[DATA TO PROCESS — start]
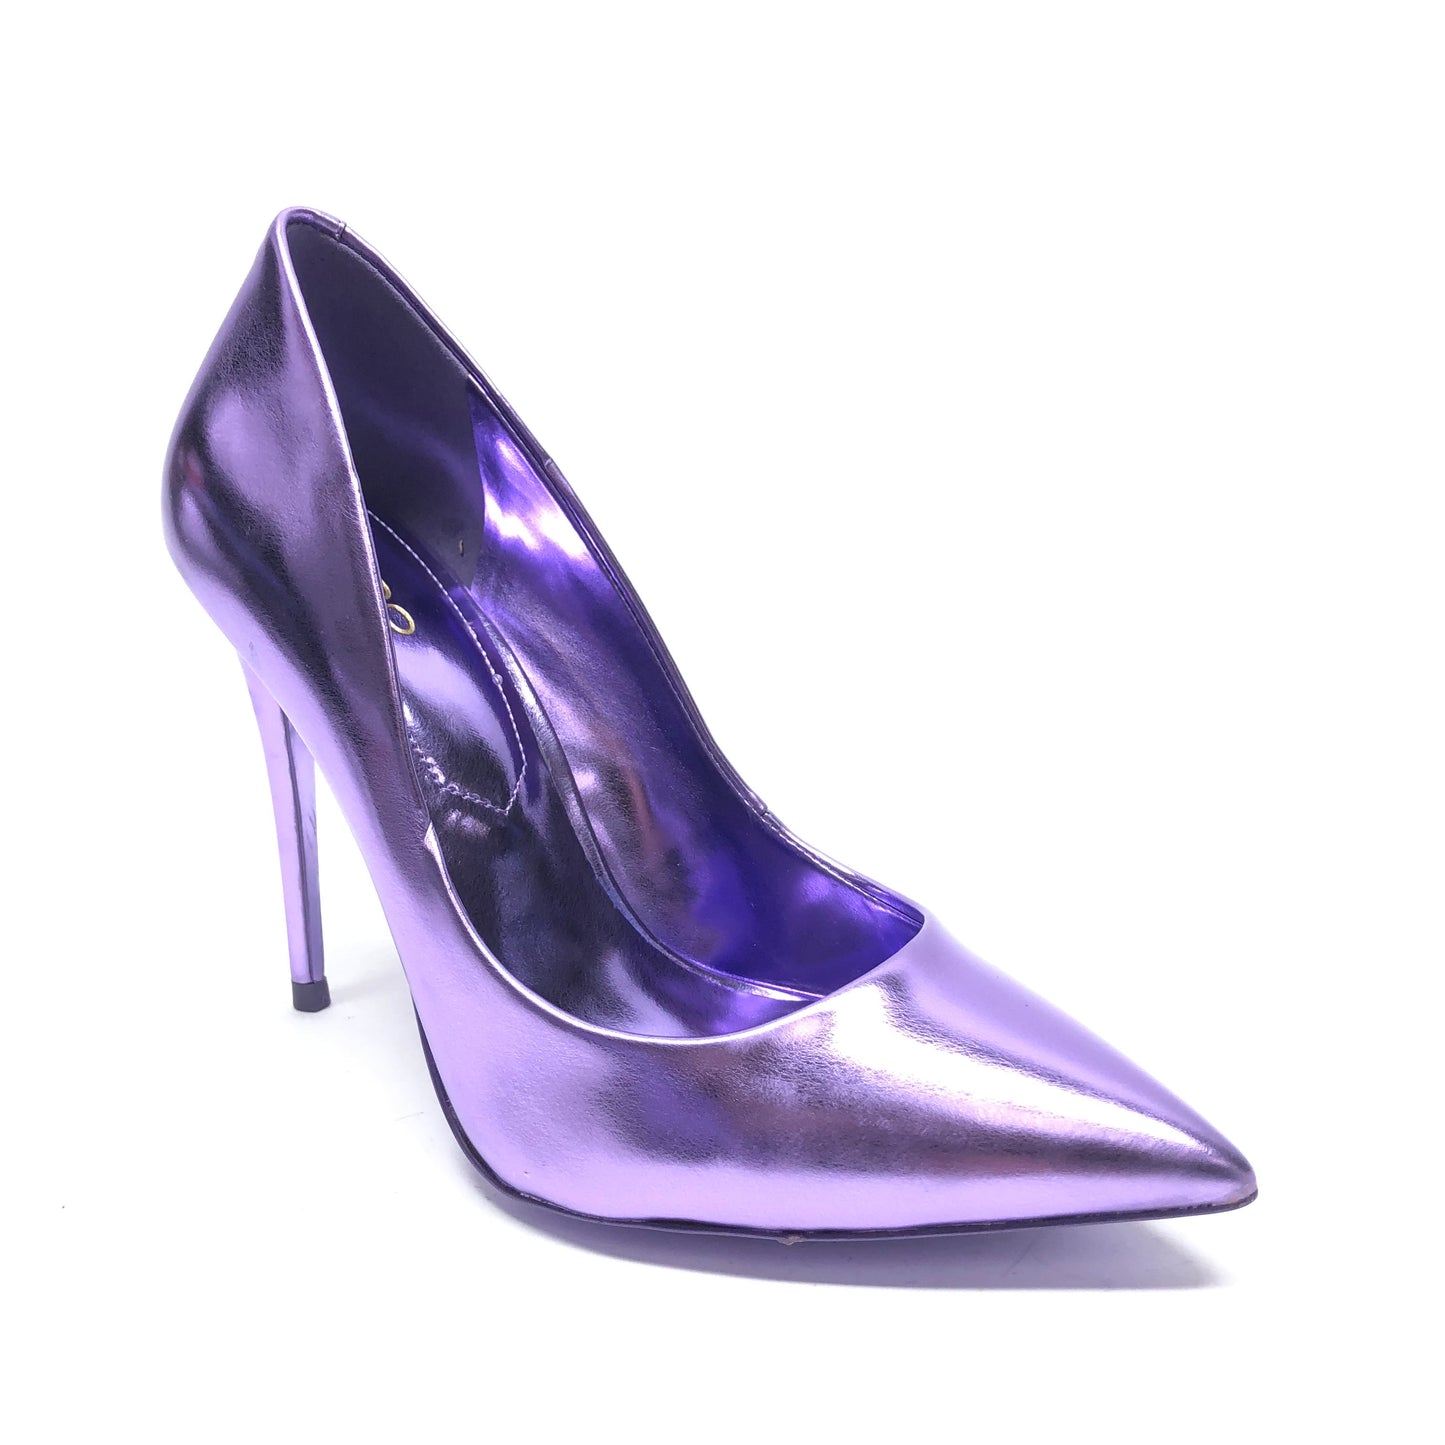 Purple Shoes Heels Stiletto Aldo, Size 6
[DATA TO PROCESS — finish]
[DATA TO PROCESS — start]
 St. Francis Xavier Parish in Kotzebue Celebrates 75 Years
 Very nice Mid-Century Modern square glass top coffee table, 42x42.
[DATA TO PROCESS — finish]
[DATA TO PROCESS — start]
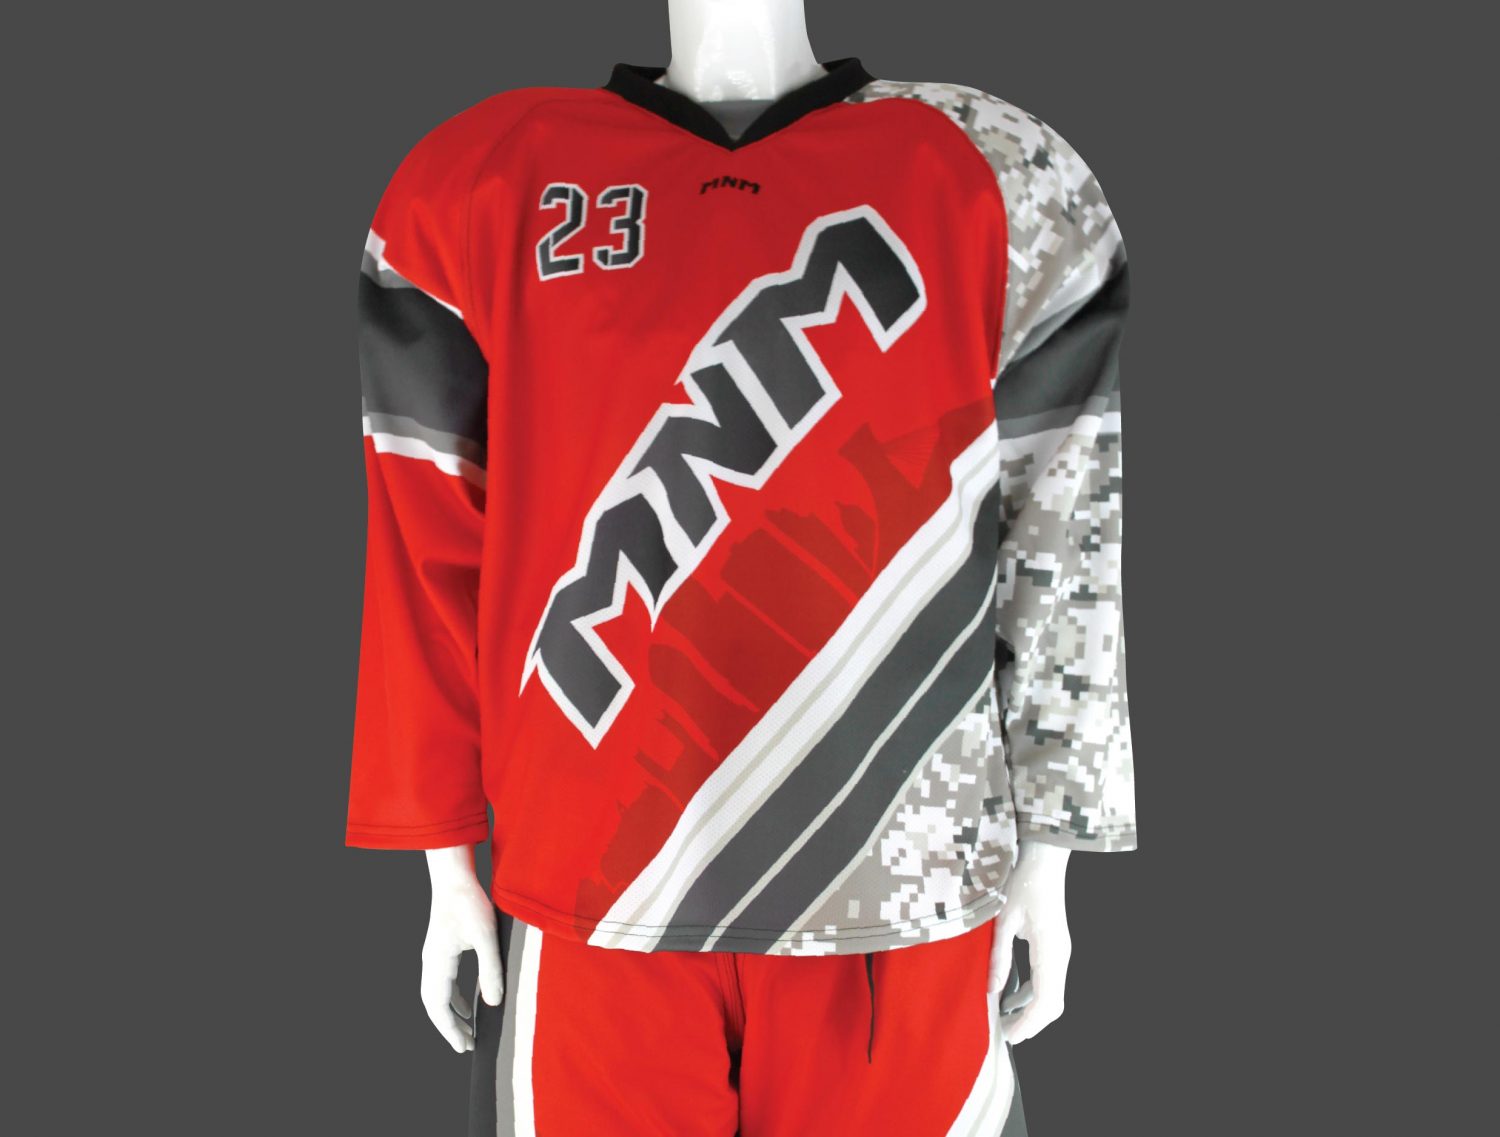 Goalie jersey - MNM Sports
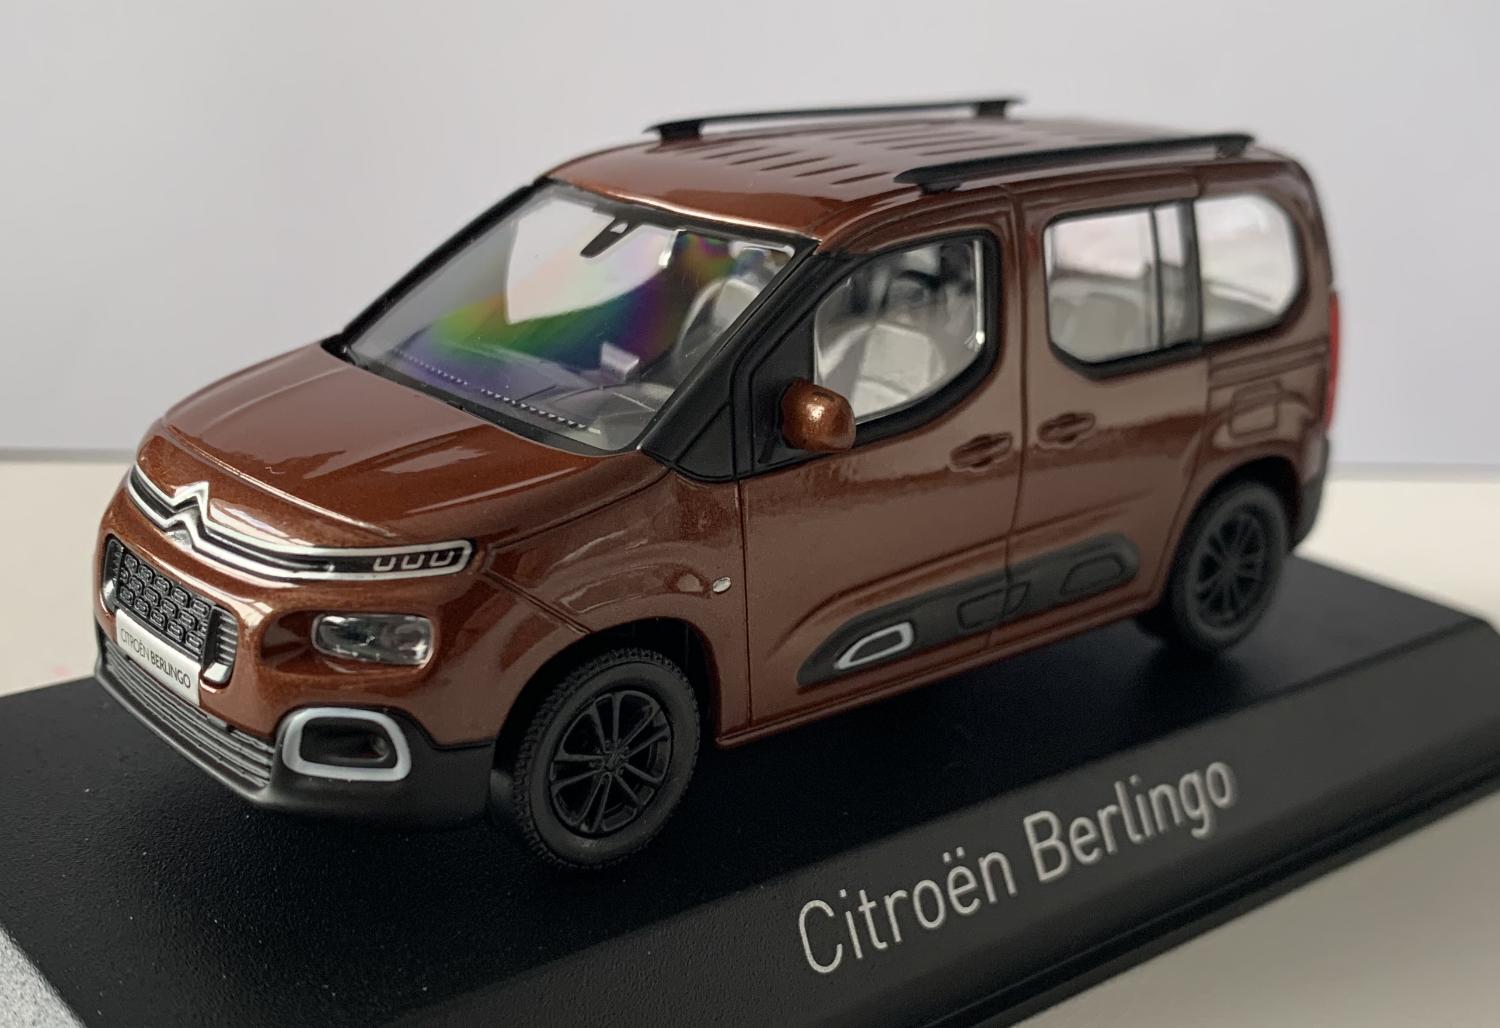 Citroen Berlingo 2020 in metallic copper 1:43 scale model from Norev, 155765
[DATA TO PROCESS — finish]
Would you please copy, word for word, everything above from the line containing "St. Francis Xavier" down to the line containing "Very nice Mid-Century", those two lines included?

 St. Francis Xavier Parish in Kotzebue Celebrates 75 Years
 Very nice Mid-Century Modern square glass top coffee table, 42x42.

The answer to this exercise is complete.